# [Exercise details]
Wherever the listing holds a picture, leave it out, and copy the remainder exactly.

# [Supplied information]
◇ ◇ ◇ ◇
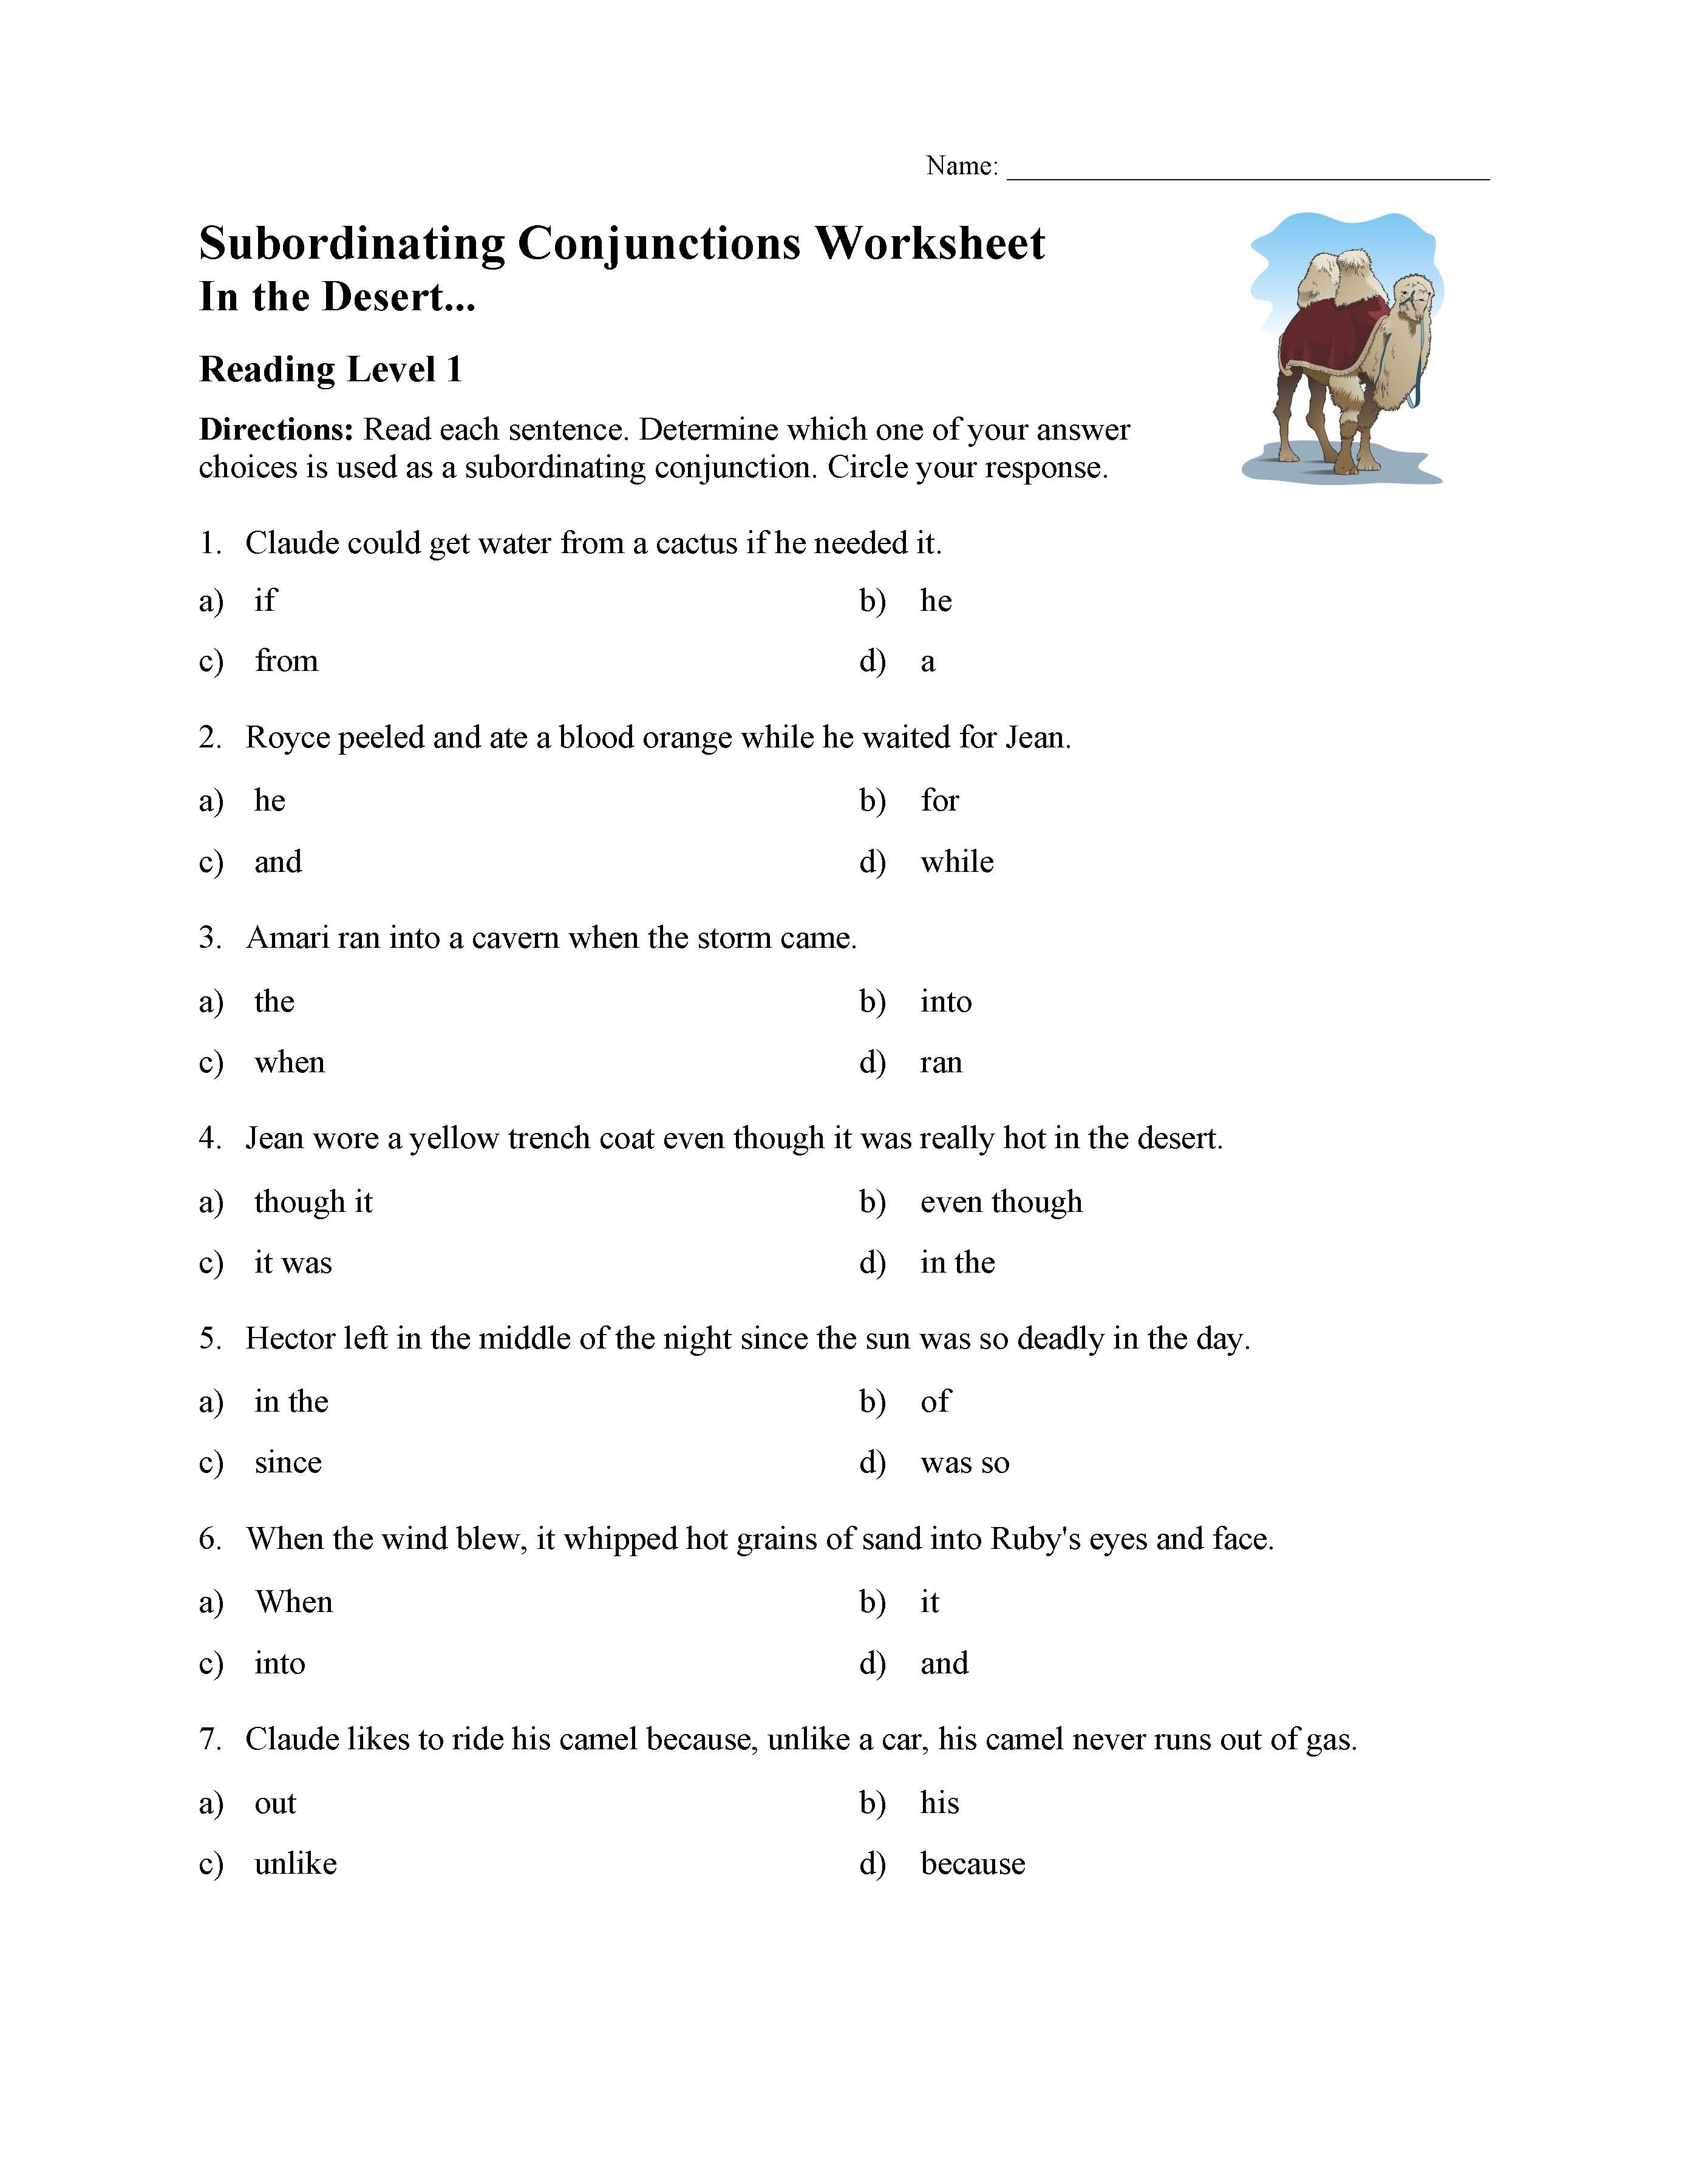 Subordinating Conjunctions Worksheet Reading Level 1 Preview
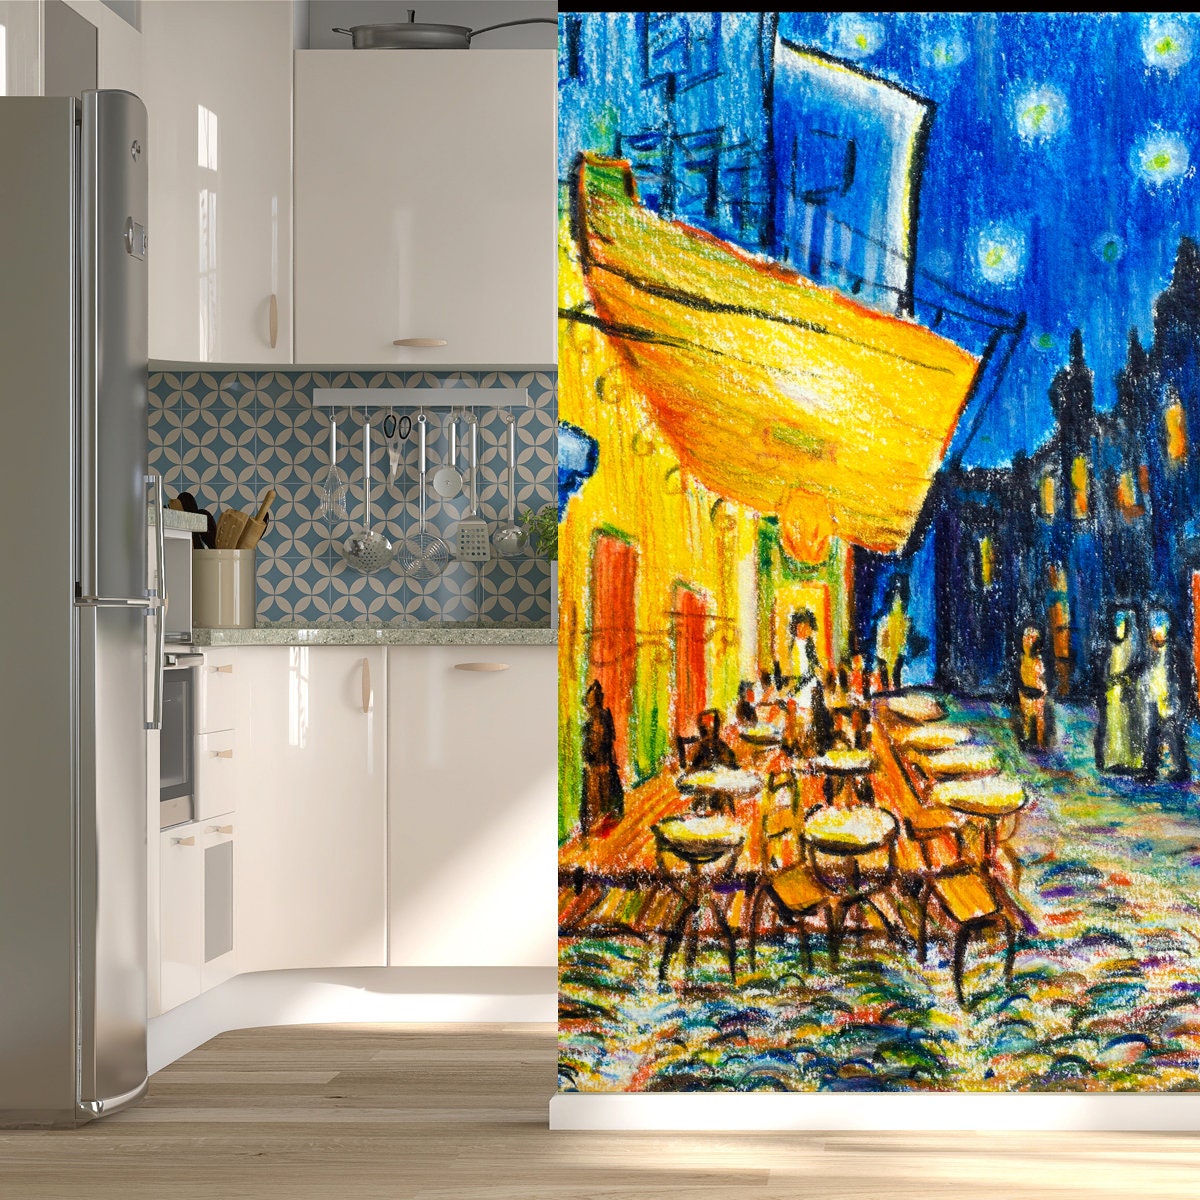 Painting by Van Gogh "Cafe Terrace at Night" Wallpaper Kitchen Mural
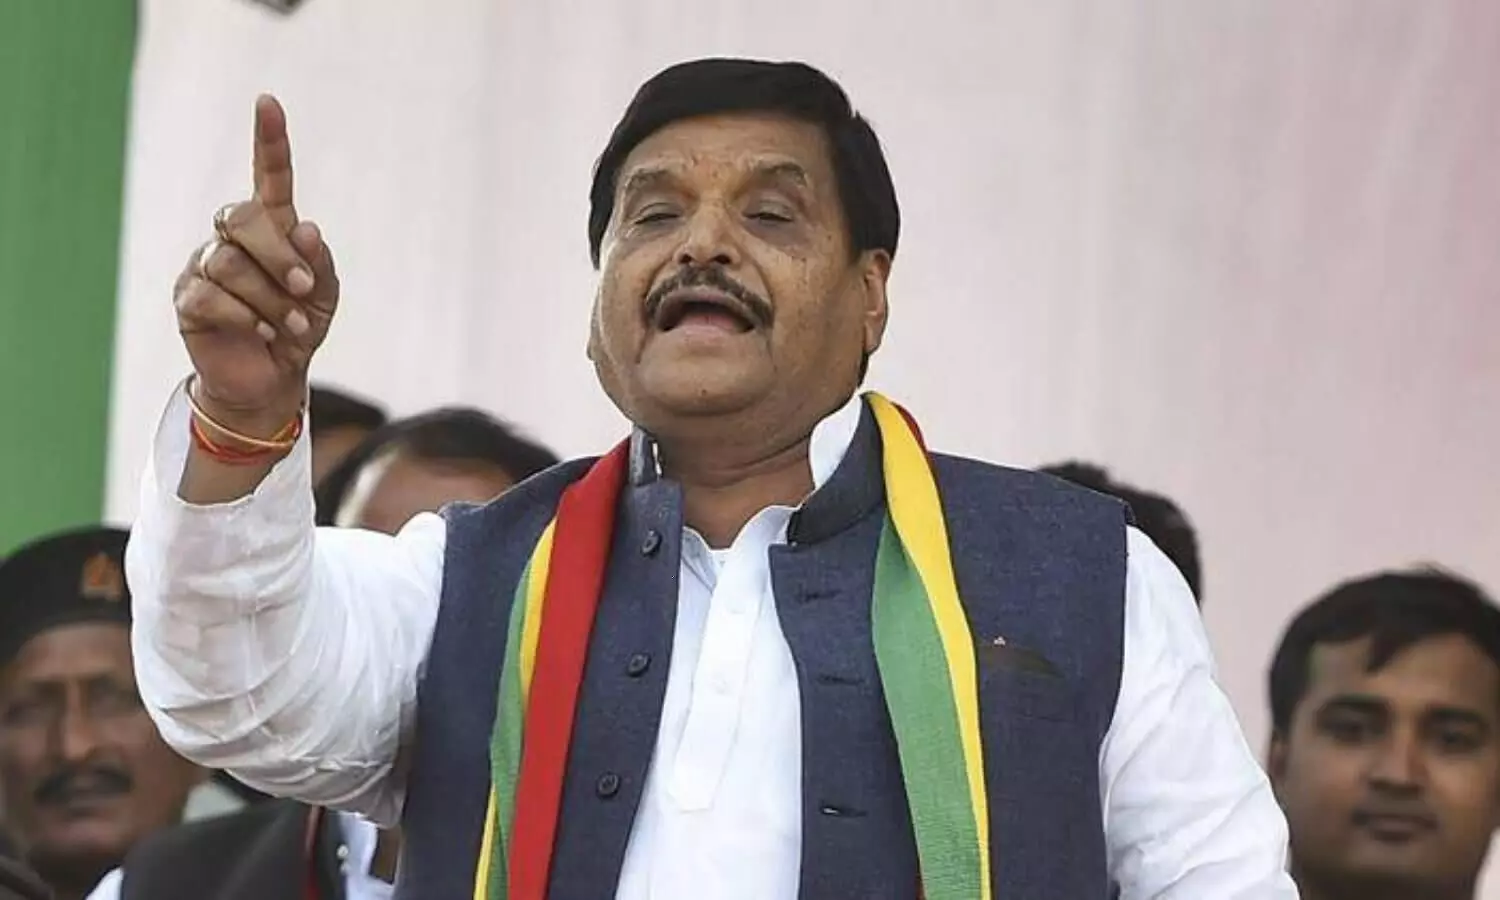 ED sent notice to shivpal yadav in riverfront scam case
◇ ◇ ◇ ◇
# [Written response]
 Subordinating Conjunctions Worksheet Reading Level 1 Preview
 Painting by Van Gogh "Cafe Terrace at Night" Wallpaper Kitchen Mural
 ED sent notice to shivpal yadav in riverfront scam case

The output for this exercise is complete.